Records excerpted from a collection
————————

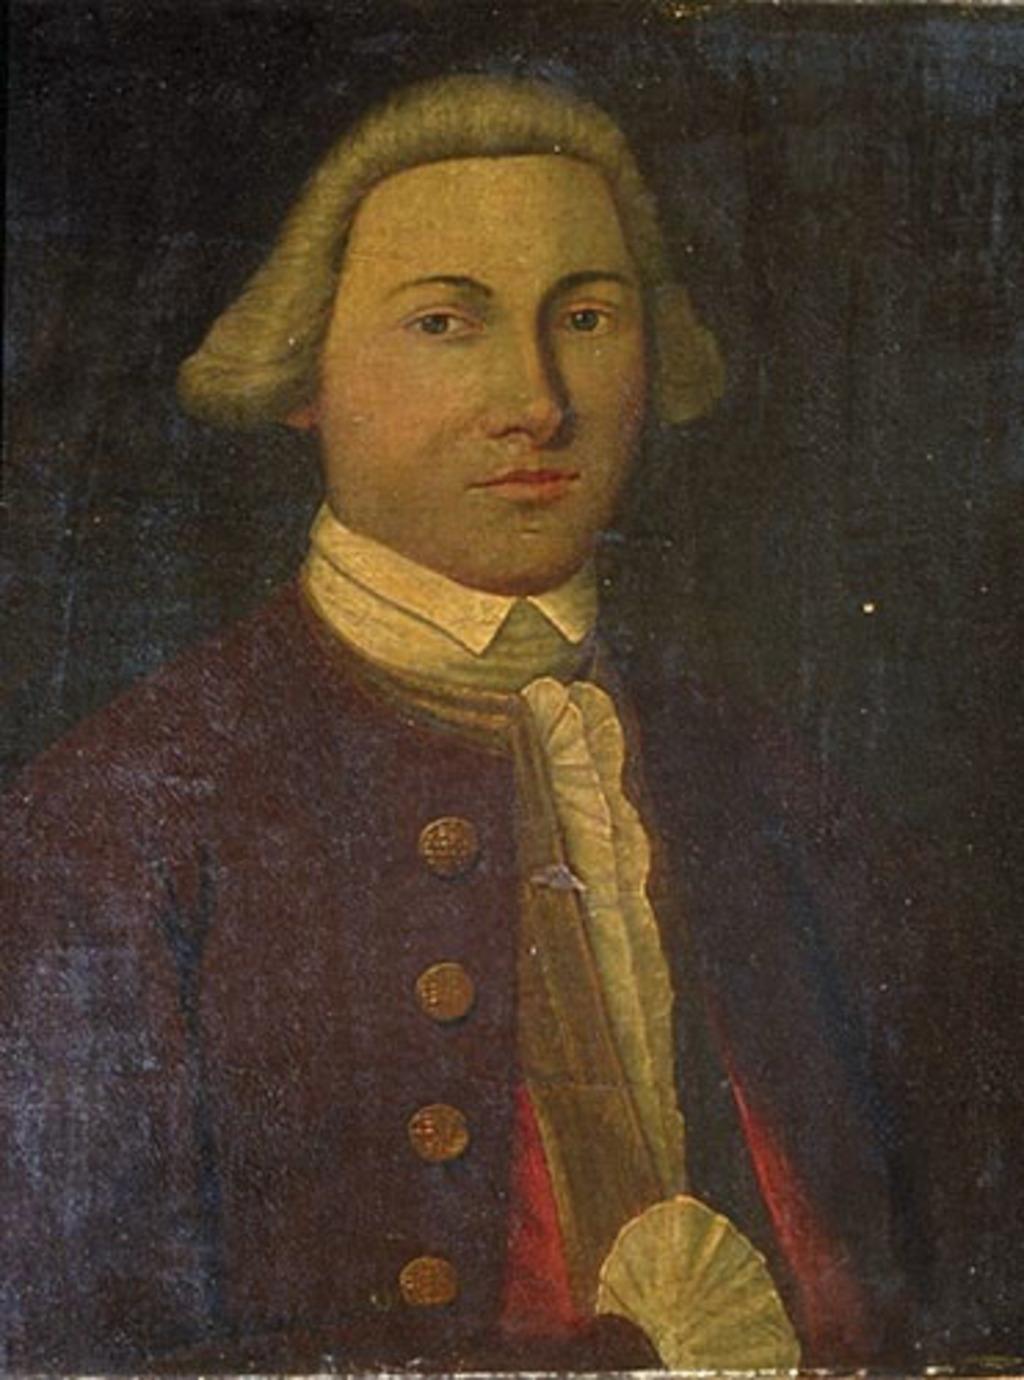 Edward Antill III
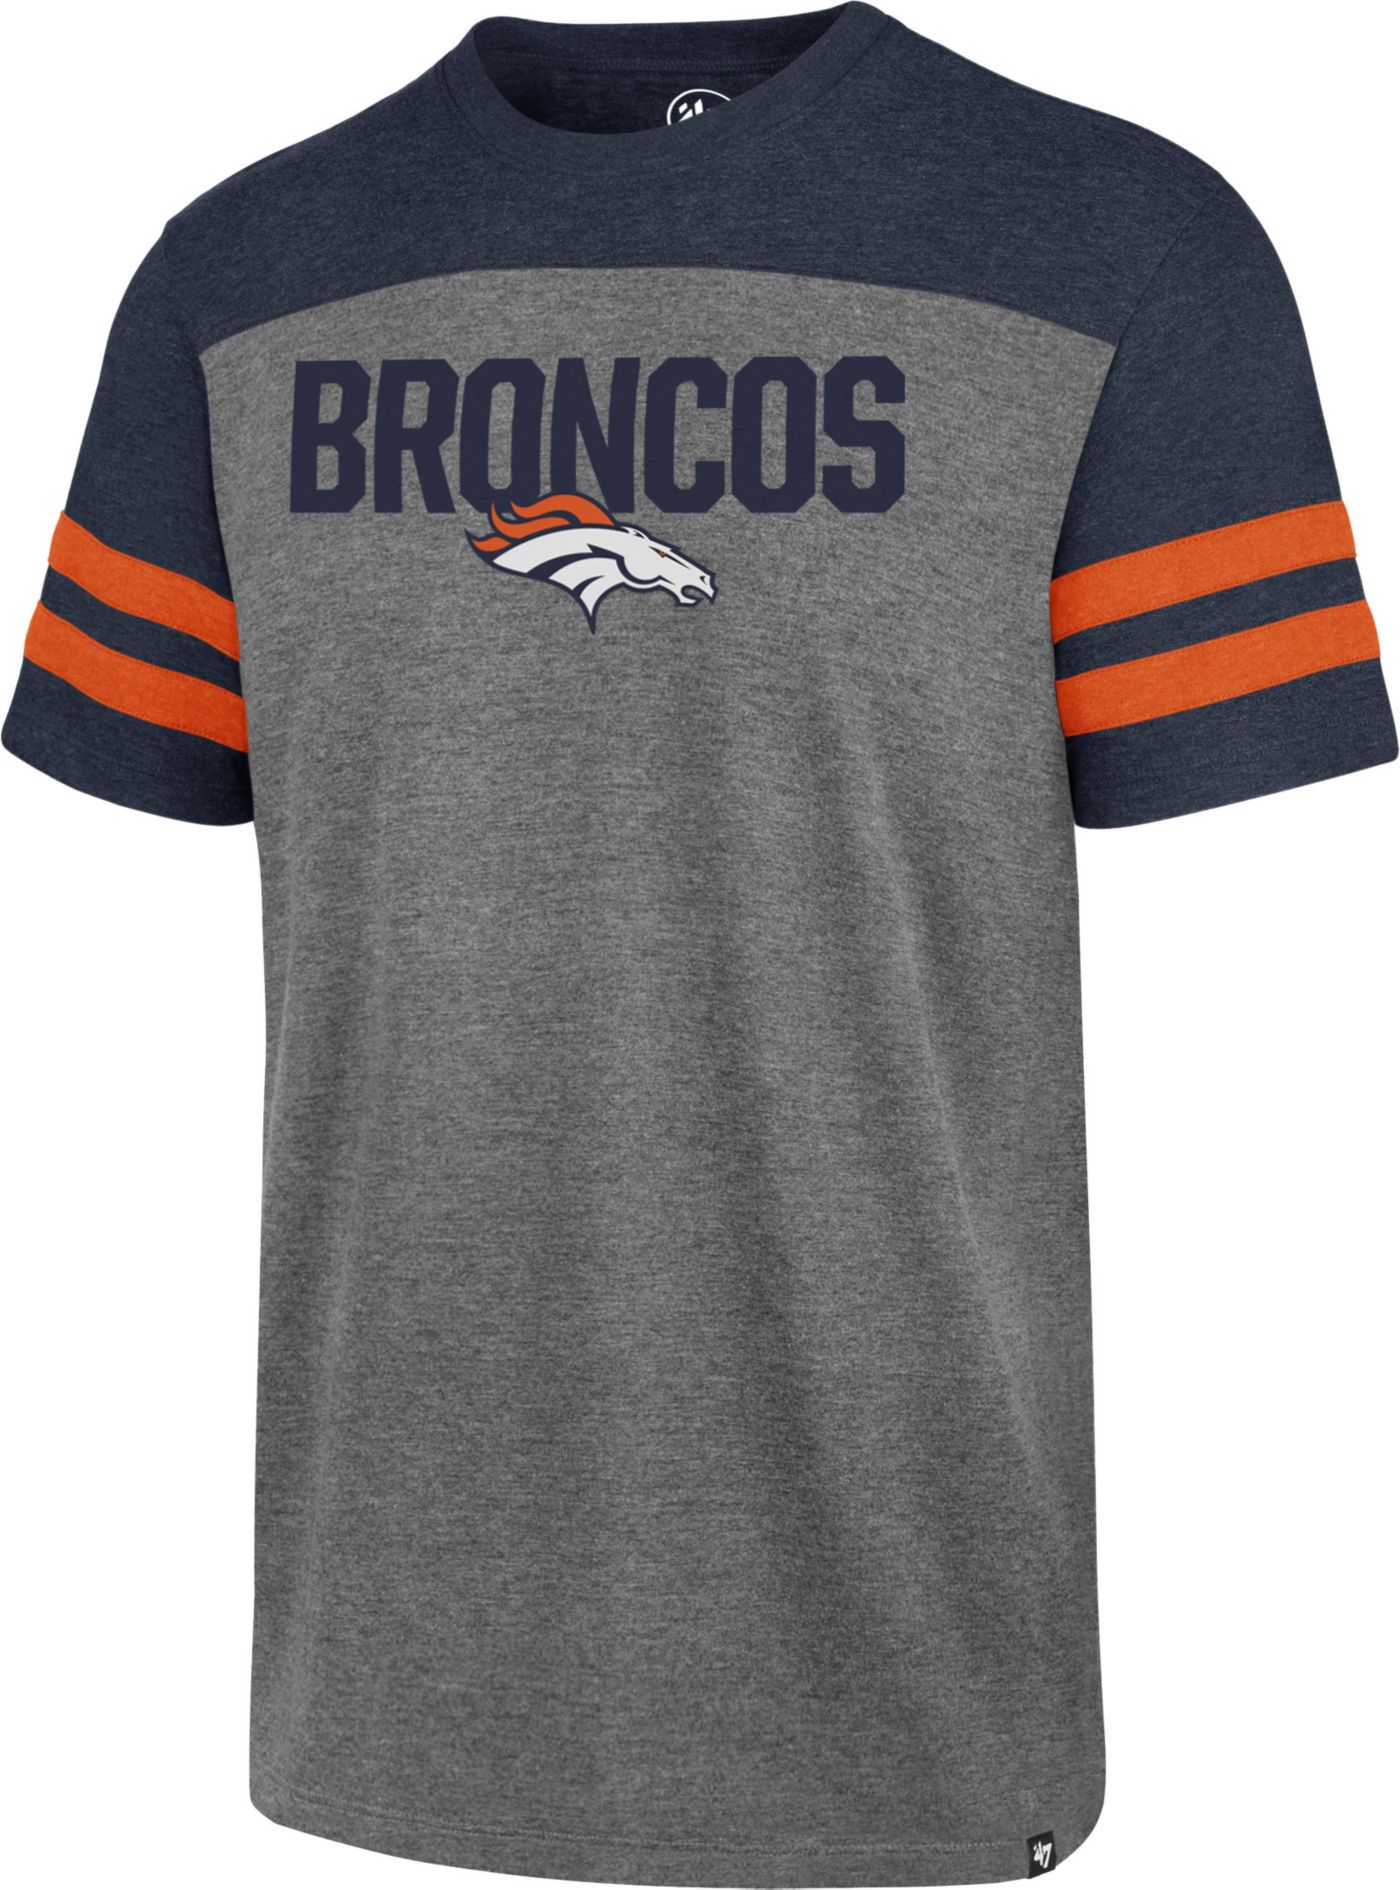 '47 Men's Denver Broncos Versus Club Grey T-Shirt
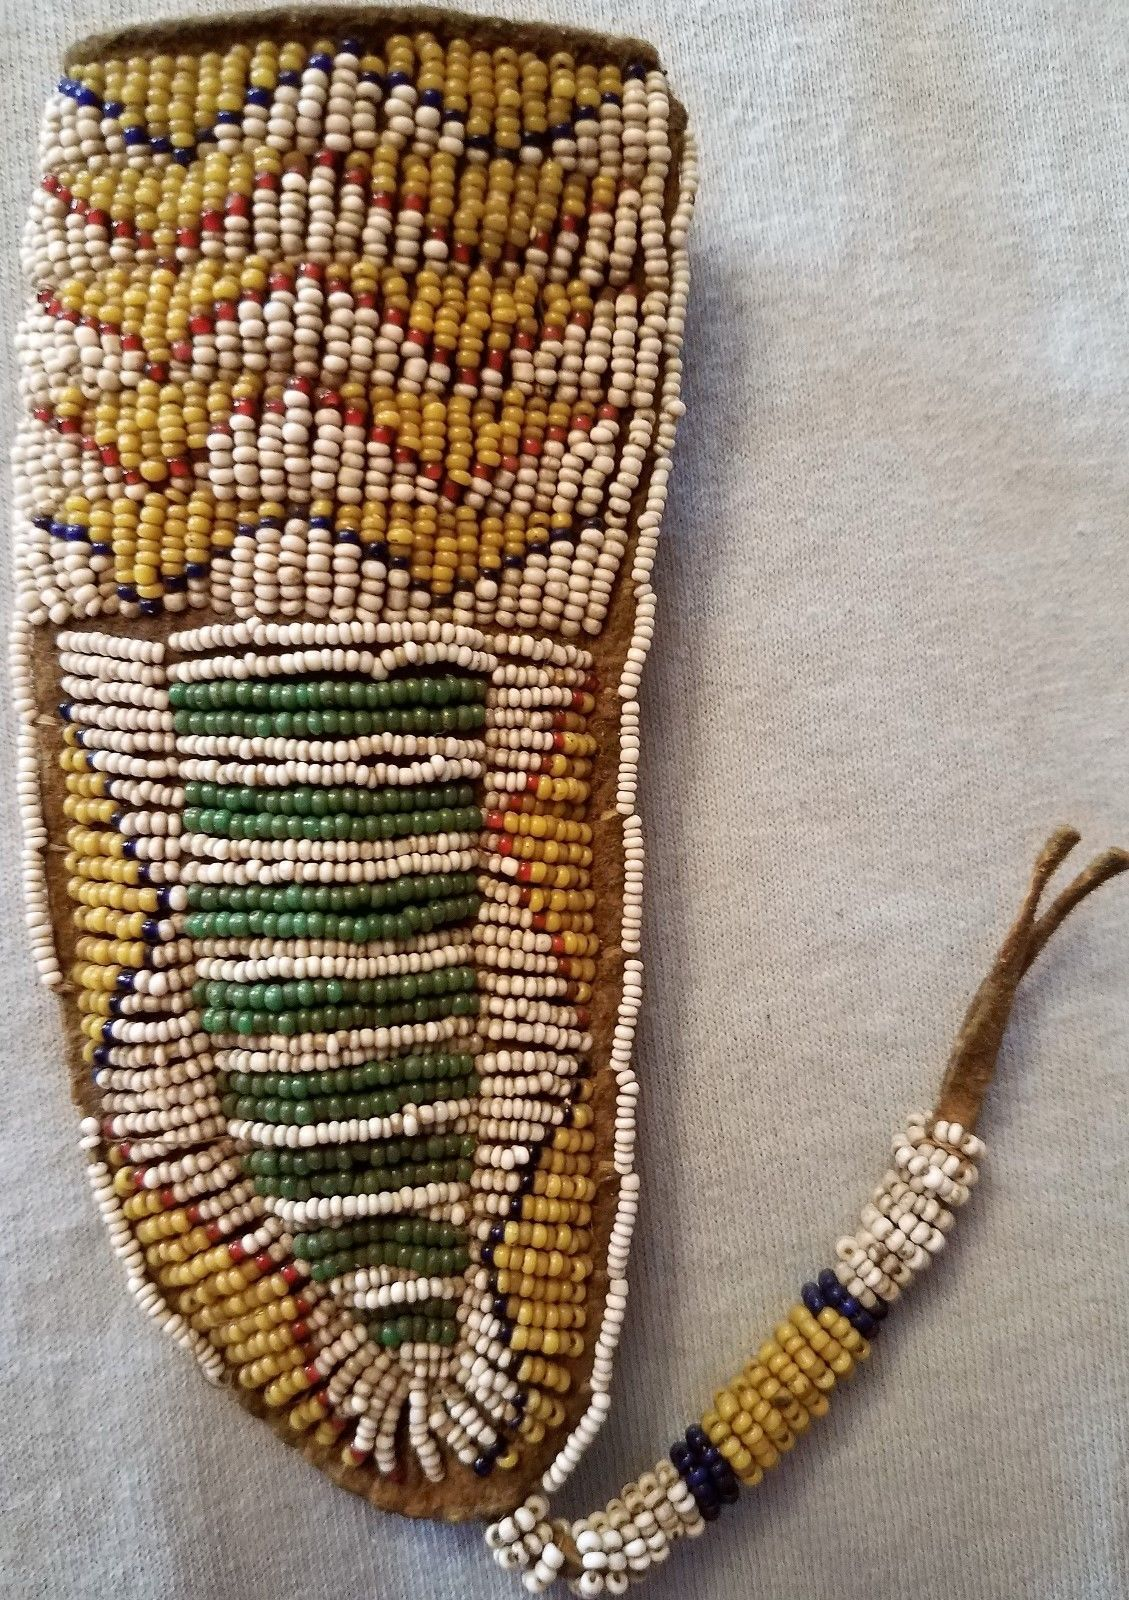 Cheyenne Or Iroquois Beaded Knife Sheath Amp Knife
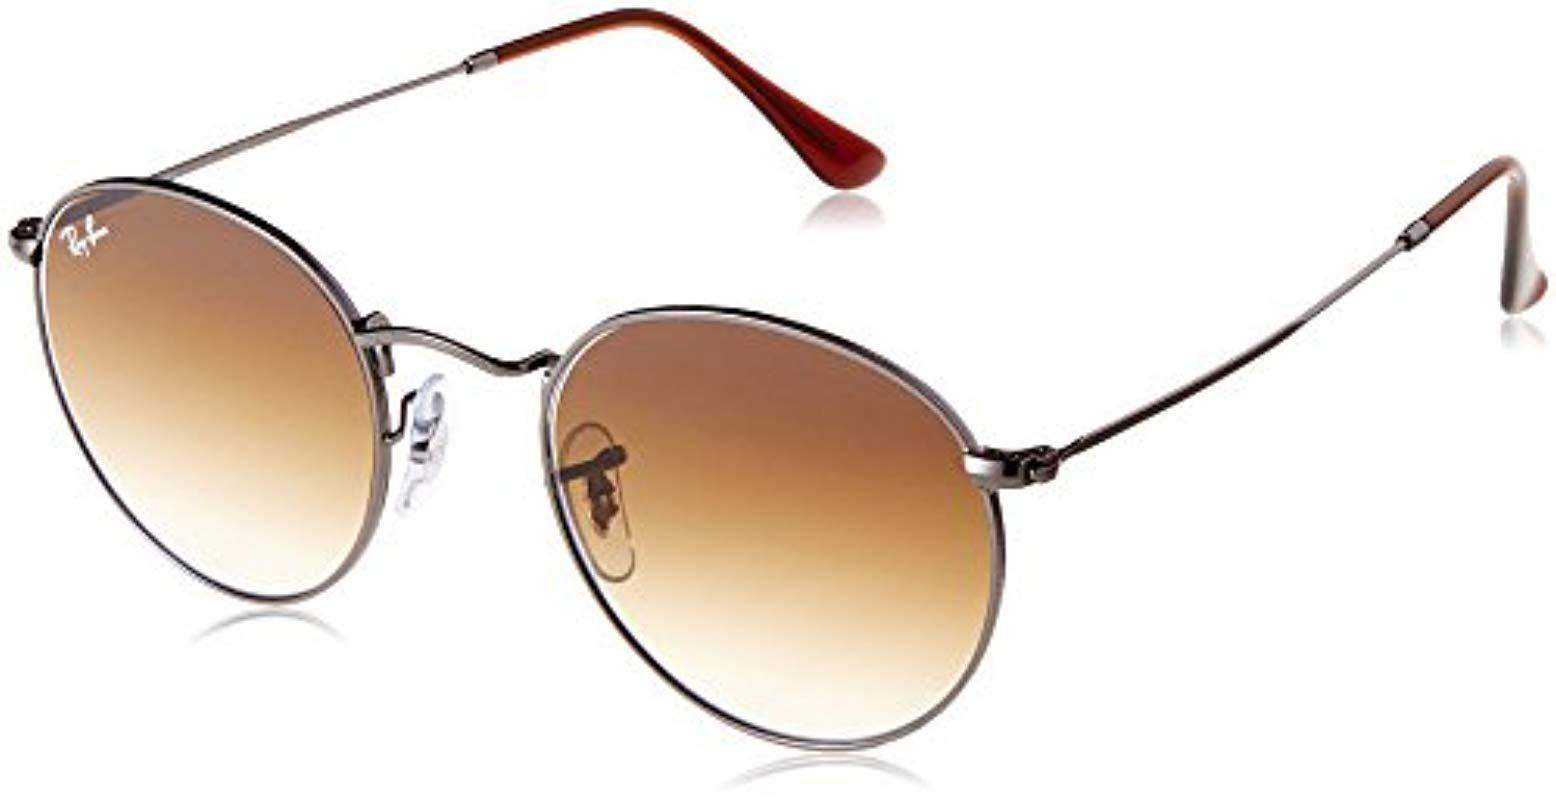 Ray-Ban Rayban 0rb3447n 004 51 50 Sunglasses, Gunmetal ... 891f7ab788cc
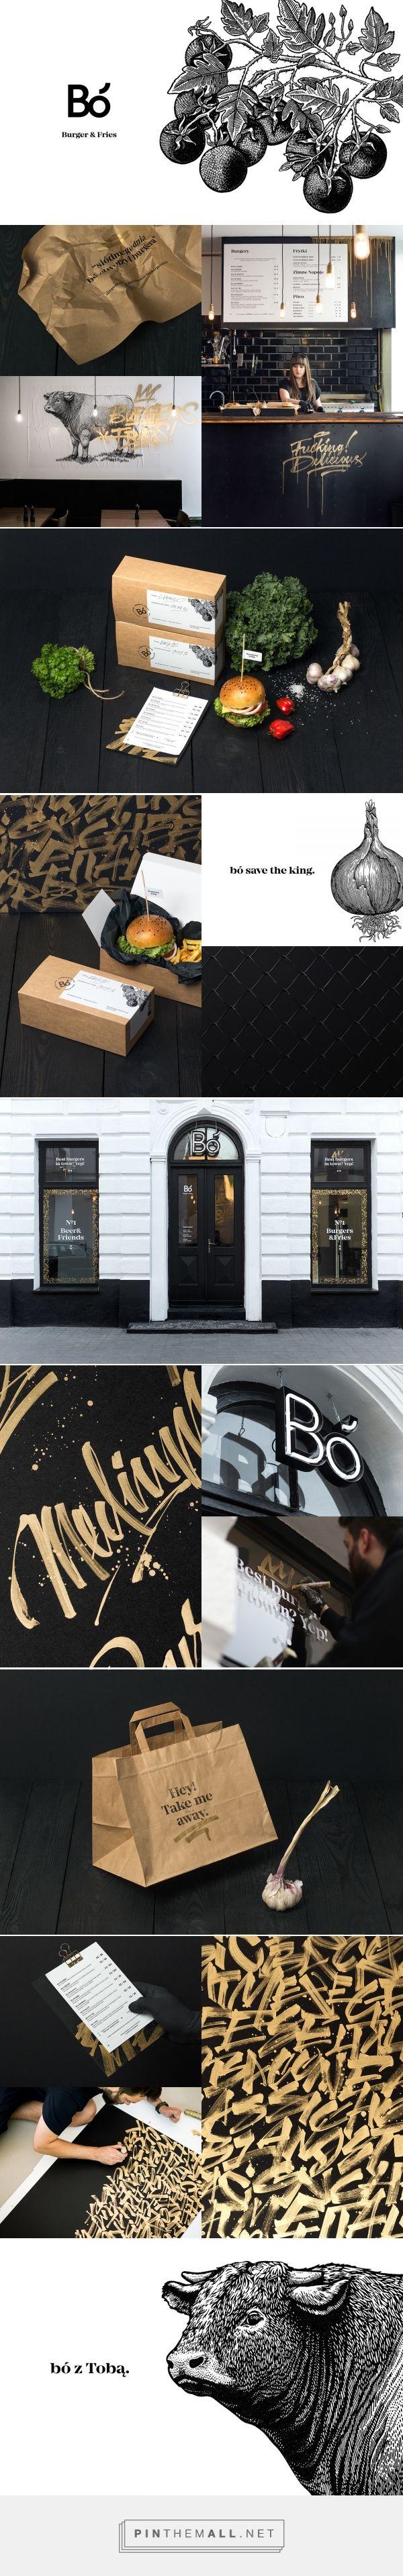 restaurants inspiration / branding   Bo Burger and Fries Restaurant Branding and Menu Design by Hopa Studio

————————

The copy must begin at the line containing "Cheyenne Or Iroquois" and end at the last line of the data above, with every line retyped exactly and no pictures included.

* Exercise solution *
 Cheyenne Or Iroquois Beaded Knife Sheath Amp Knife
 Ray-Ban Rayban 0rb3447n 004 51 50 Sunglasses, Gunmetal ... 891f7ab788cc
 restaurants inspiration / branding   Bo Burger and Fries Restaurant Branding and Menu Design by Hopa Studio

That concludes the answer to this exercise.